PH among ‘most restrictive’ countries to foreign investors

The Philippines was deemed one of the most “restrictive countries” in terms of foreign investments, with more barriers than any other large economy in the Association of Southeast Asian Nations (Asean), according to an American trade envoy.

US Embassy Manila Trade Officer Brian Breuhaus was quoted by the Philippine Exporters Confederation Inc. (Philexport) as saying that there was a need for the Philippines to ease restrictions on foreign investments in order to improve the country’s infrastructure and attract more investments, particularly from the United States.

This can be done by amending the restrictive economic provisions in the Philippine Constitution and the Foreign Investment Negative List (FINL). The Constitution provided, for instance, that only Philippine nationals are allowed to operate a public utility. This also applies to almost all public private partnership (PPP) projects.

“No American firms have been involved in a PPP and no foreign firms have taken the lead on a PPP even though they could provide a huge amount of expertise.
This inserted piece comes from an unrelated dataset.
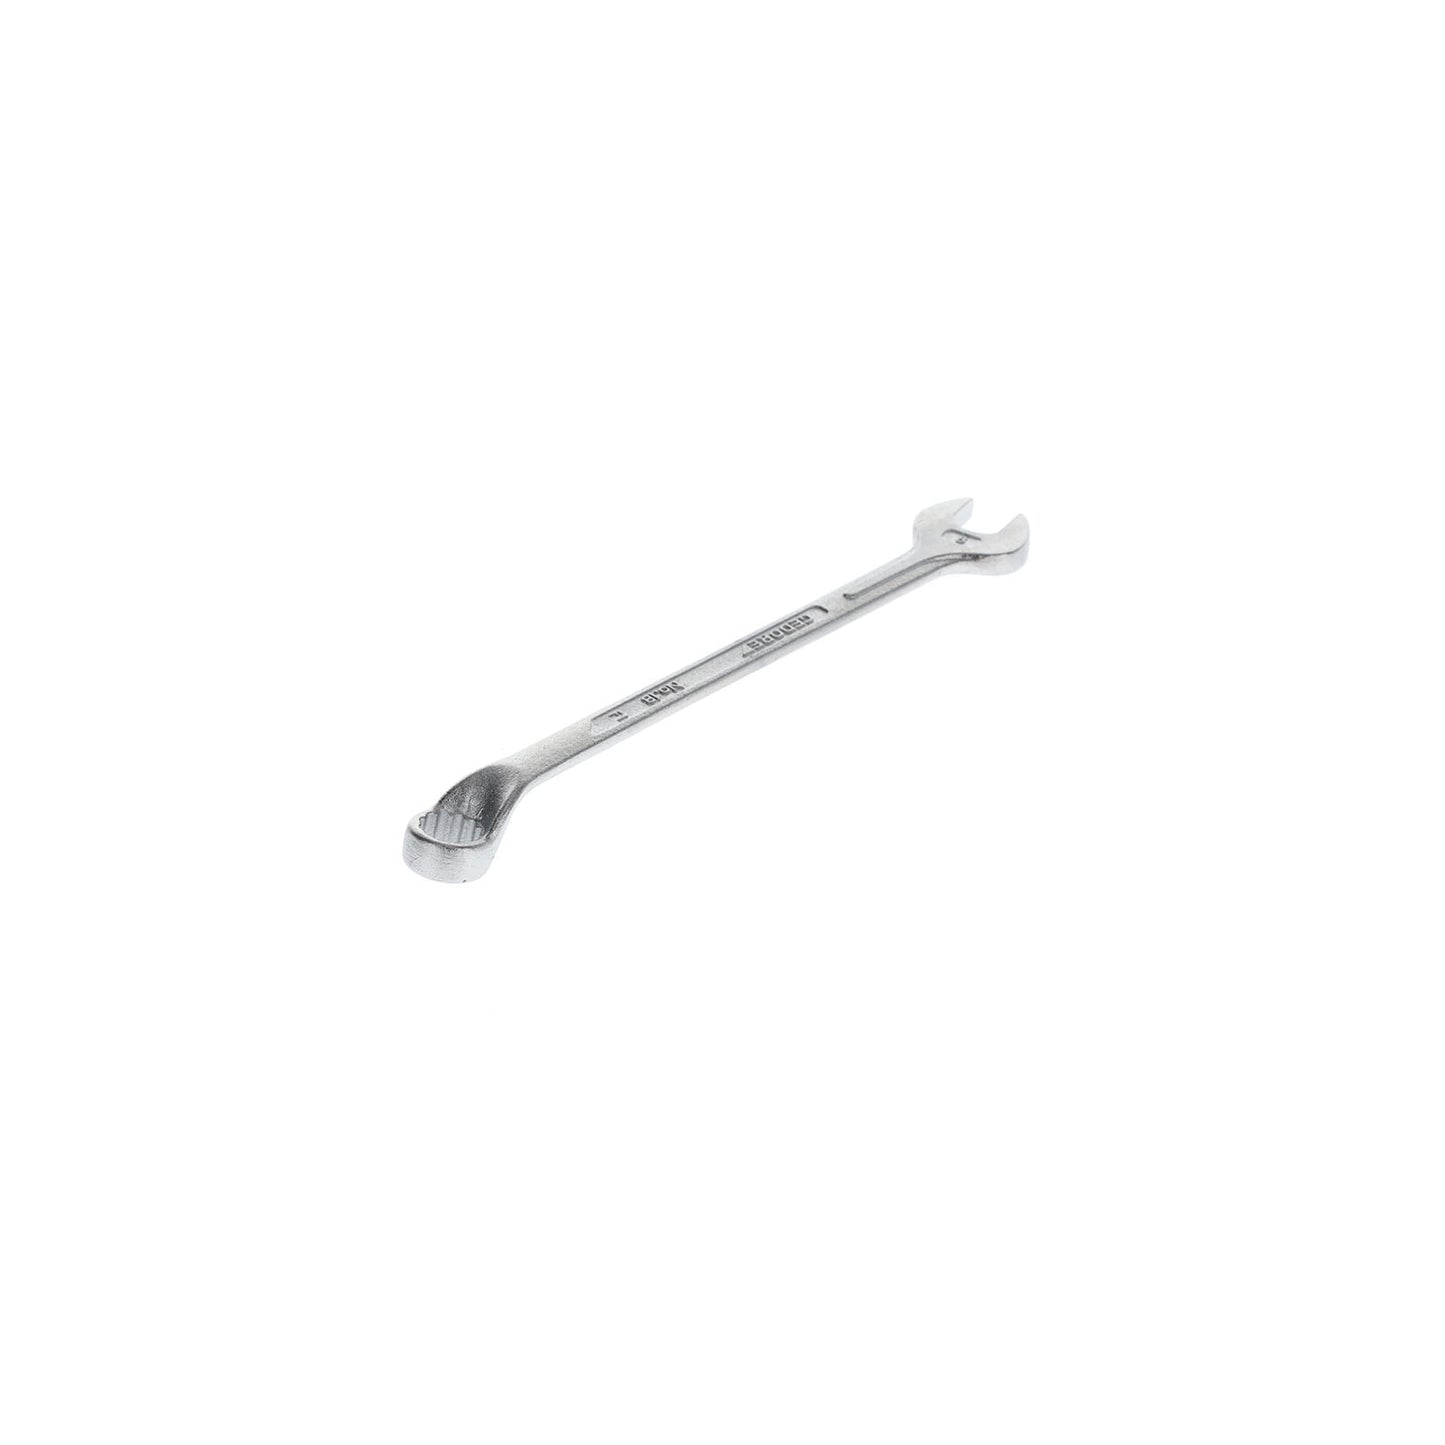 GEDORE 1 B 8 - Offset Combination Wrench, 8mm (6000670)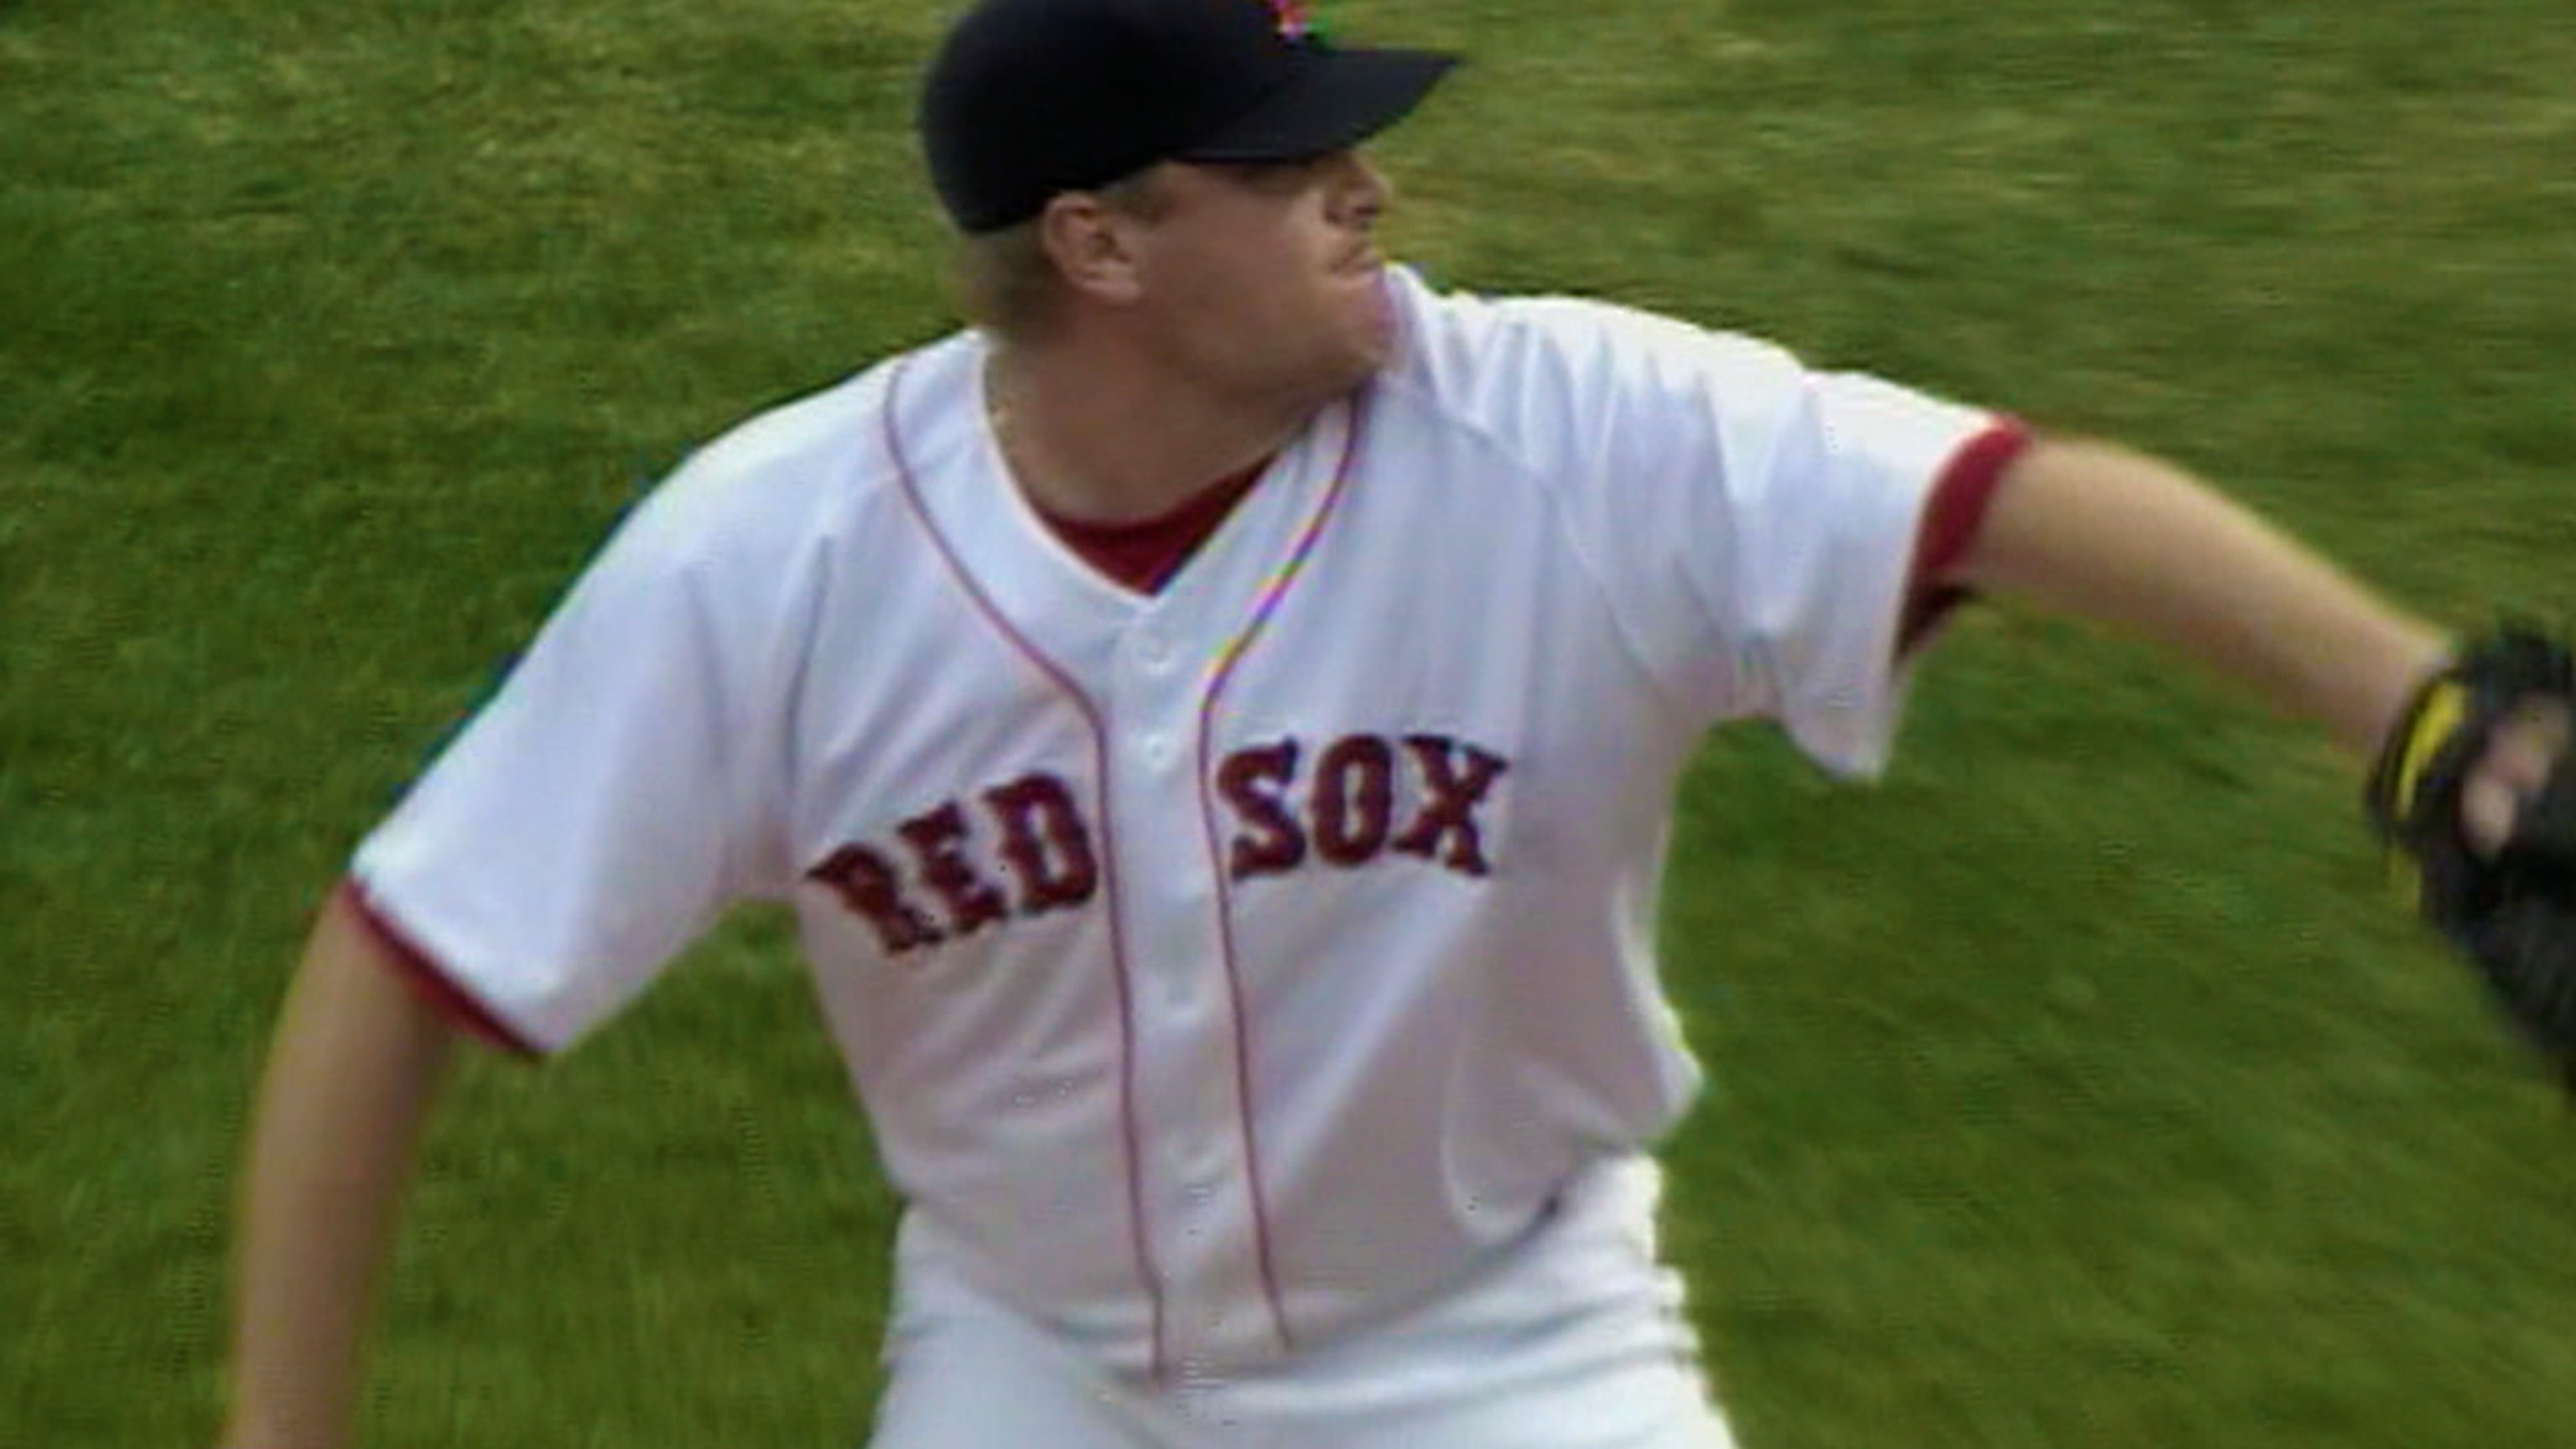 Wife of Red Sox legend lambastes Curt Schilling for revealing ex

This would take a constitutional change,” Breuhaus explained, underscoring the need for the country to improve infrastructure, including roads, airports, ports and the internet.

Breuhaus also urged the Philippines to start a Single Window in Customs to make it easier for goods to be shipped here and to approve the Trade Facilitation Agreement (TFA) in the World Trade Organization. This accord will not only significantly reduce the costs of trading globally, but also boost merchandise exports by up to $1 trillion yearly.

Developing countries like the Philippines are expected to benefit significantly from the TFA, capturing more than half of the available gains. For lower middle income countries including the Philippines, the full implementation of the TFA measure is estimated to have the greatest impact in terms of streamlining border procedures. Harmonizing and simplifying trade documents and automating trade and customs procedures would reduce costs by 3.5 percent and 2.9 percent, respectively.

The US was reportedly one of the biggest foreign investors in the Philippines, with the current stock of foreign direct investment flows in the country currently at more than $4.7 billion.

The Philippines is the 30th biggest source of American merchandise imports and ranked as the 32nd largest export destination for US products.